Reflection and Outlook
We tried to declare success and move on a year
ago, but that didn’t work. This time really is different, because
Racket CS is ready to be the default Racket implementation. Time will
tell whether that difference is enough to allow a different focus in
the coming year. Given how much the CS compilation strategy
(ahead-of-time) differs from the BC strategy (bytecode compilation
plus a JIT), it’s not clear that the compile time, load time, and
memory footprint differences between BC and CS can be reduced further.
In terms of maintainability, one possible direction for improvement is
to shift even more Racket support into the Chez Scheme layer.
Gustavo’s decision to implement type reconstruction as a Chez Scheme
pass was good call.
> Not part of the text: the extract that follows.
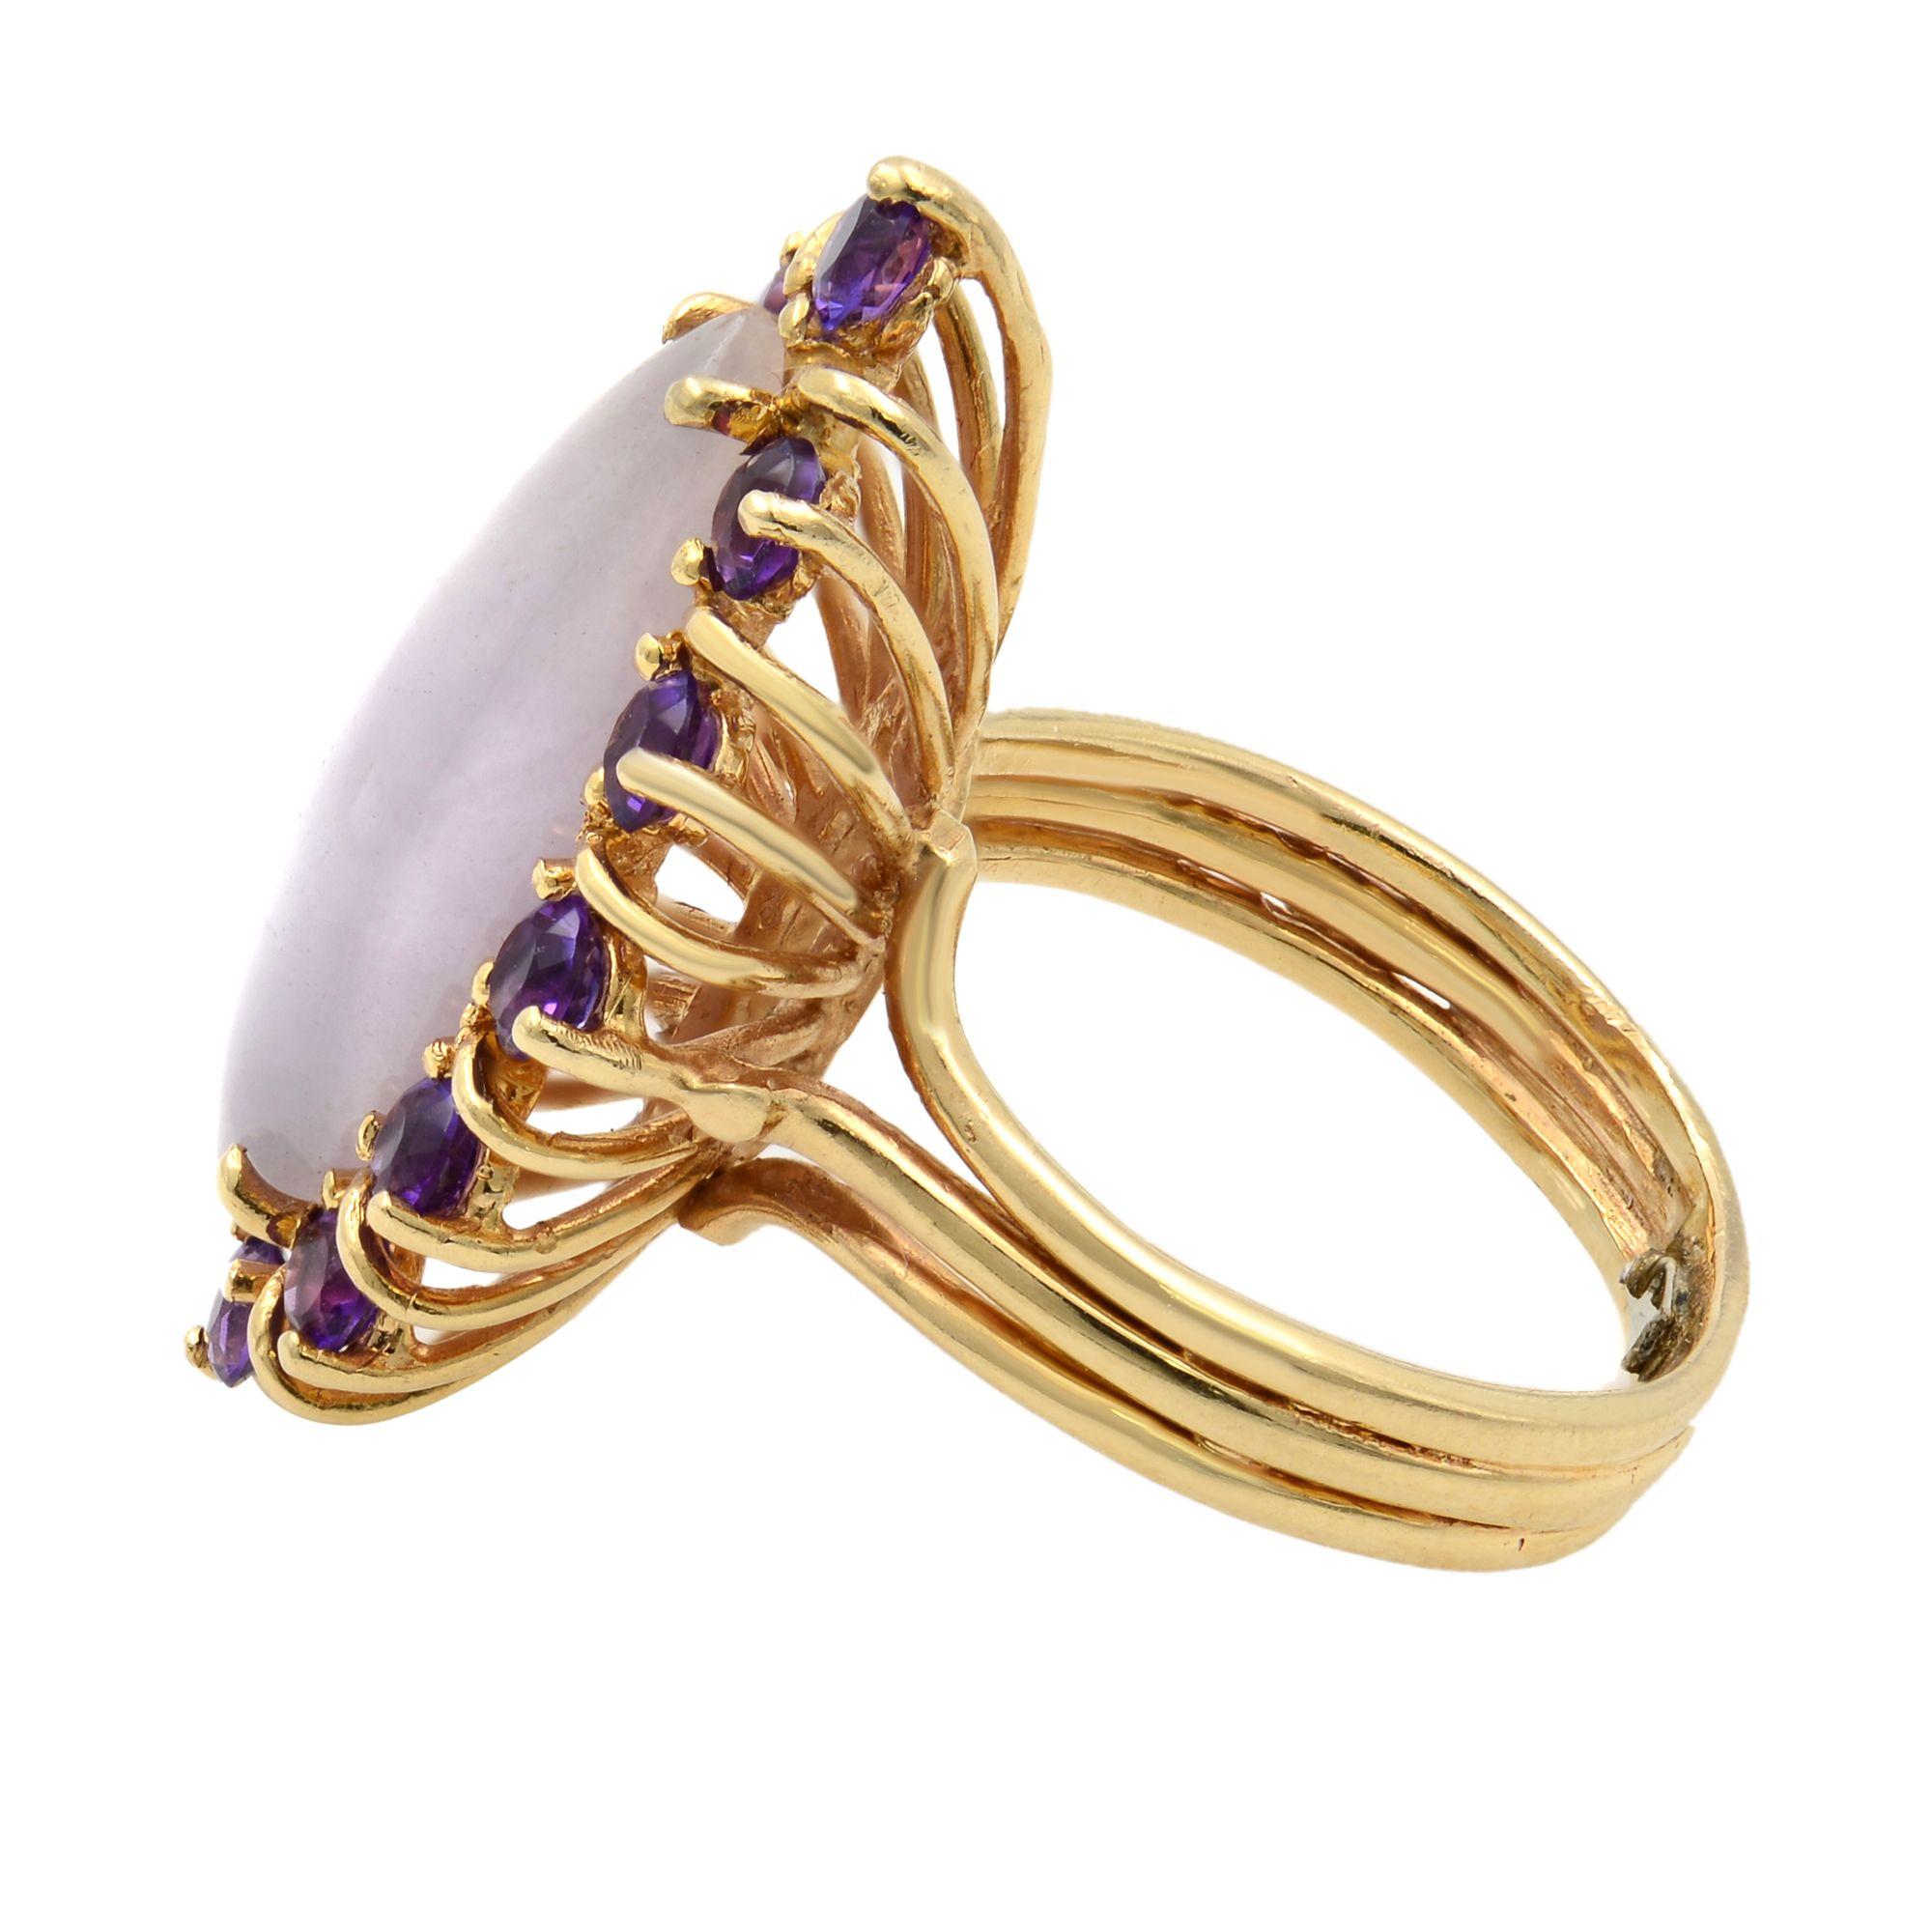 This Vintage piece of art is crafted in 14k yellow gold. It features an elegant marquise shape, natural Chalcedony gemstone with a halo of 12 round cut Amethyst gemstones. Top of the ring measurements: 28x15mm. Ring size 6. Comes with a presentable

Contributor yjqww6’s implementation of
Racket-style lifting as a Chez Scheme pass was a clear improvement for
Racket CS, because it eliminated a larger pass on the “schemify”
side and implemented at a better layer of abstraction with less
interference on local optimizations. Similarly, extending Chez
Scheme’s support for weak hash tables, which was not difficult, allowed us
to discard a complex and slower implementation in the “rumble”
Racket-adapter layer. More direct support for left-to-right evaluation
guarantees and cross-linklet inlining could further reduce the
schemify layer, and maybe one day eliminate it.
We’ve mostly kept BC and CS in sync, so far, but moving forward,
Racket BC will not necessarily get new functionality that is added to
CS. After all, the point of CS is to eventually shed technical debt in
BC. This divergence has already started: Racket CS fully supports M1
Macs, but Racket BC runs only in interpreted mode or as x86_64 (i.e.,
we did not add an AArch64 JIT to Racket BC).
Thanks to Sam, Ryan, Robby, Matthias, and John for improving
this report. Special thanks to Sam, Paulo, and Robby for moving CS
testing forward. Many contributors helped track down and repair CS
bugs, and besides others mentioned, thanks to Shu-Hung, Sorawee, and
Bogdan for tackling some substantial repairs.